08/01/2026
Joe Wilkins : Le Ciel tout entier
Joe Wilkins est poète, auteur de non-fiction et romancier. Il est né et a grandi dans l’est du Montana. Après avoir obtenu son diplôme d'ingénieur informatique, il a enseigné pendant deux ans la pré-algèbre dans le Mississippi au sein de Teach For America. Il a ensuite obtenu son MFA en écriture créative de l'Université d'Idaho. Il est l’auteur de plusieurs recueils de poésie et d’un récit sur son enfance et son adolescence. Joe Wilkins vit actuellement avec sa famille dans l’ouest de l’Oregon, où il dirige le programme d'écriture créative à Linfield College. Le Ciel tout entier est son dernier roman (2025).
Montana, au printemps 1994. Justin, un tout jeune homme aux cheveux longs et blonds et boucles d’oreilles, ne vivant que pour sa musique, ressemble étrangement à son idole, Kurt Cobain leader du groupe Nirvana qui vient de se suicider. Logé pour ne pas dire séquestré chez un oncle alcoolique, Justin parvient à s’échapper après un épisode violent. Ailleurs, plus à l’Est du Montana, Rene Bouchard, un vieil éleveur de moutons envisage de se suicider après le décès récent de sa femme. Quant à Lianne, sa fille, en pleine crise existentielle, elle a laissé son mari et ses enfants pour revenir enseigner dans le collège de la ville la plus proche et aider son père. Quand René découvrira le gamin blond, crasseux et endormi sur un des lits de sa cabane, avec un étui de guitare en carton, c’est à l’un de ses fils, Franklin, tragiquement décédé qu’il va repenser, ce qui ravive de douloureux souvenirs de culpabilité. Justin, René, Liane et Franklin l’ombre du remords qui plane sur les Bouchard…
Un roman tout simplement magnifique.
Le roman panachant présent et flashbacks dresse le portrait et l’itinéraire de ces trois destins. Justin, moqué par tous avec ses cheveux longs, boucles d’oreilles, fait tache au pays des rudes fermiers du secteur ; solitaire, sa musique et sa guitare sont son refuge (« Il n’abandonnerait jamais sa guitare. Hors de question putain. »). Son père est parti, sa mère est à la dérive passant de bras en bras et lorsque sa dernière conquête s’en prend au gamin, c’est le clash, Justin est envoyé chez l’oncle Heck, revenu d’Irak avec un paquet de problèmes psychologiques, de Charybde en Scylla pour le môme qui fuira au prix d’un acte fort.

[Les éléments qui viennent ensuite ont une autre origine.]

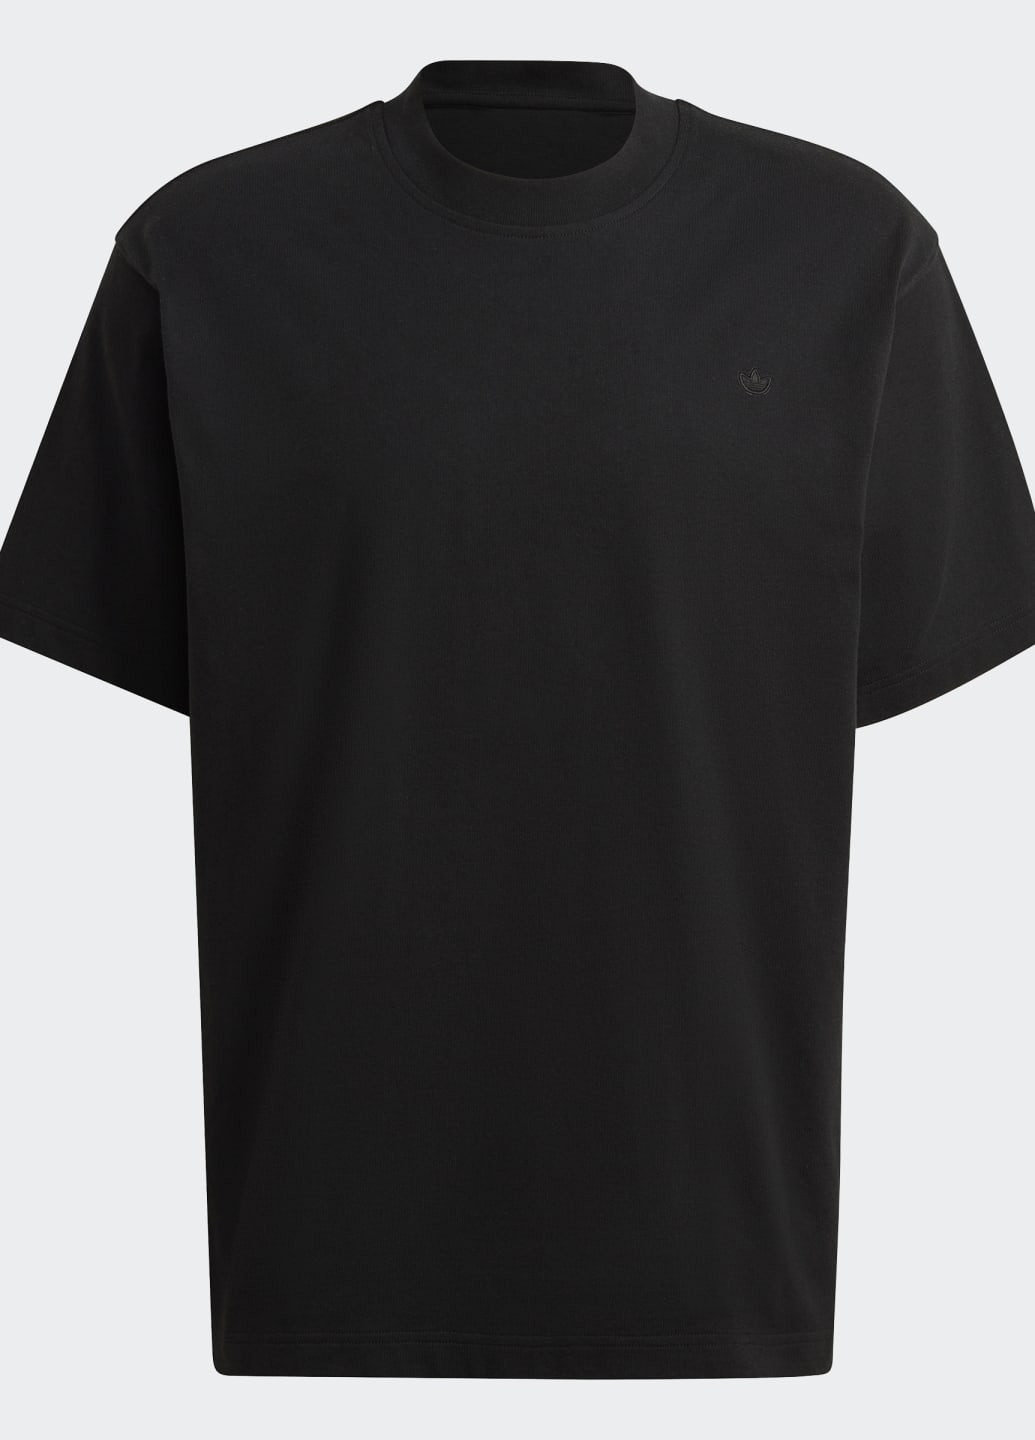 Черная футболка adicolor contempo adidas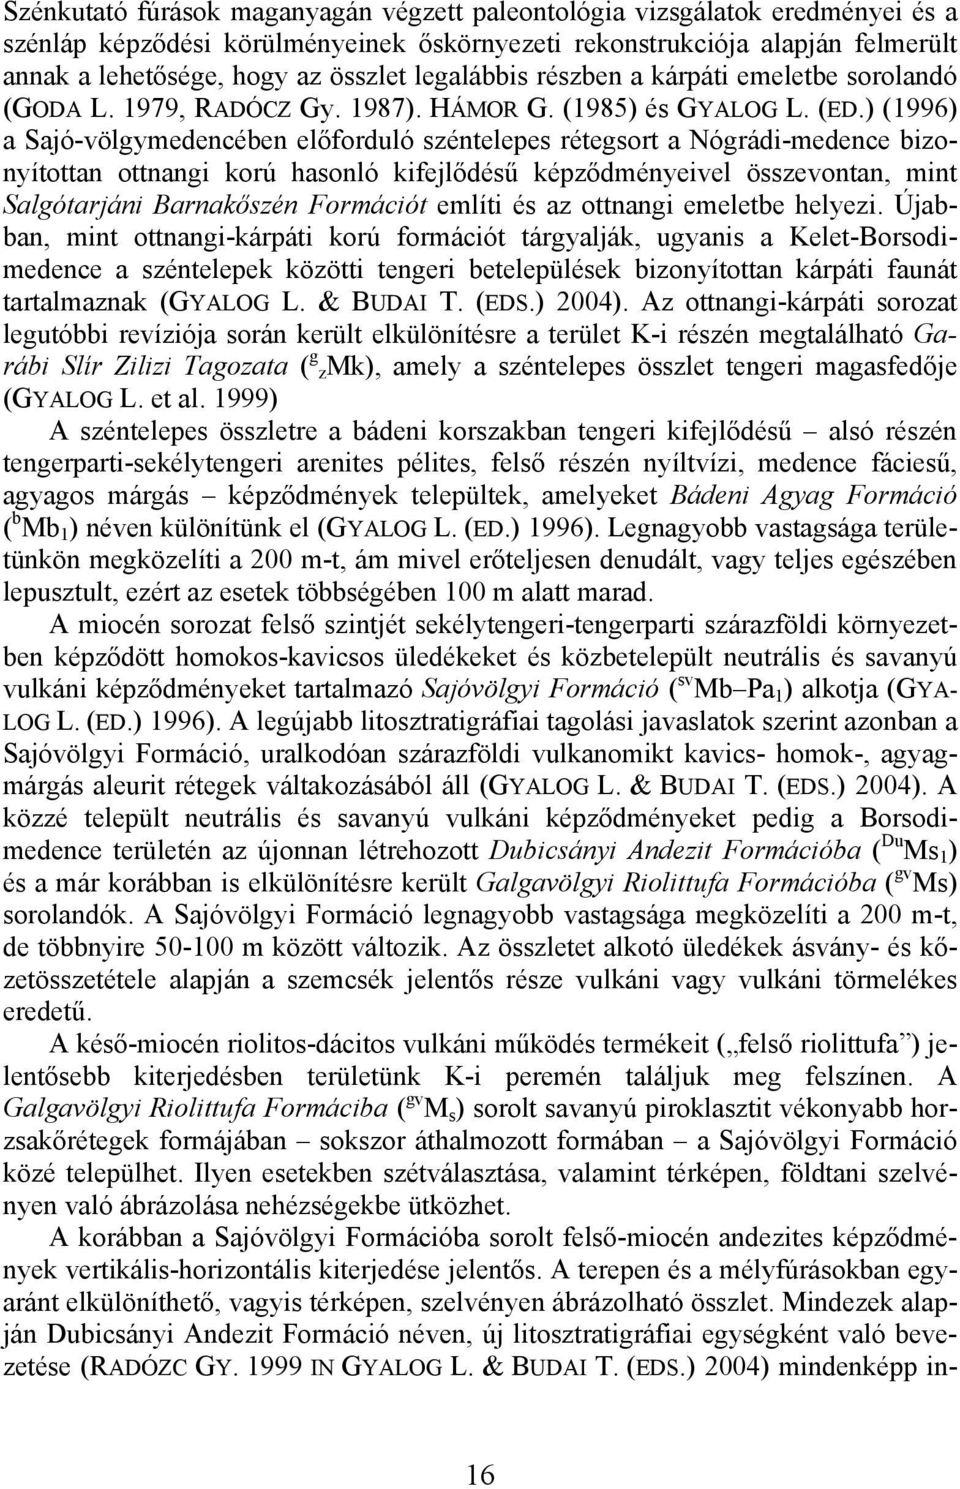 ) (1996) a Sajó-völgymedencében előforduló széntelepes rétegsort a Nógrádi-medence bizonyítottan ottnangi korú hasonló kifejlődésű képződményeivel összevontan, mint Salgótarjáni Barnakőszén Formációt

René et Liane, je fais court, ne sont plus en bons termes depuis le décès de Franklin, tous deux se reprochent de ne pas avoir été à l’écoute de cet enfant, fils de l’un, frère cadet de l’autre. Un enfant trop fragile, renfermé, à la personnalité troublante et qu’ils ne voulaient pas voir réellement (« Son fils était sans cesse en quête de beauté. Mais c’était la laideur qui était venue à sa rencontre. »)
Justin va jouer le rôle de catalyseur pour René et Lianne, sa détresse d’enfant perdu et en fuite rejeté par tous, sera peut-être l’occasion pour eux de réparer l’irréparable, tenter de faire avec lui ce qu’ils n’ont pas réussi à faire avec Franklin. Un gamin en quête de famille, une famille désunie en mal de rédemption.
Le roman dépeint la vie difficile dans l’Ouest américain où ces paysages grandioses sont aussi néanmoins synonymes de liberté, et la rude vie des fermiers.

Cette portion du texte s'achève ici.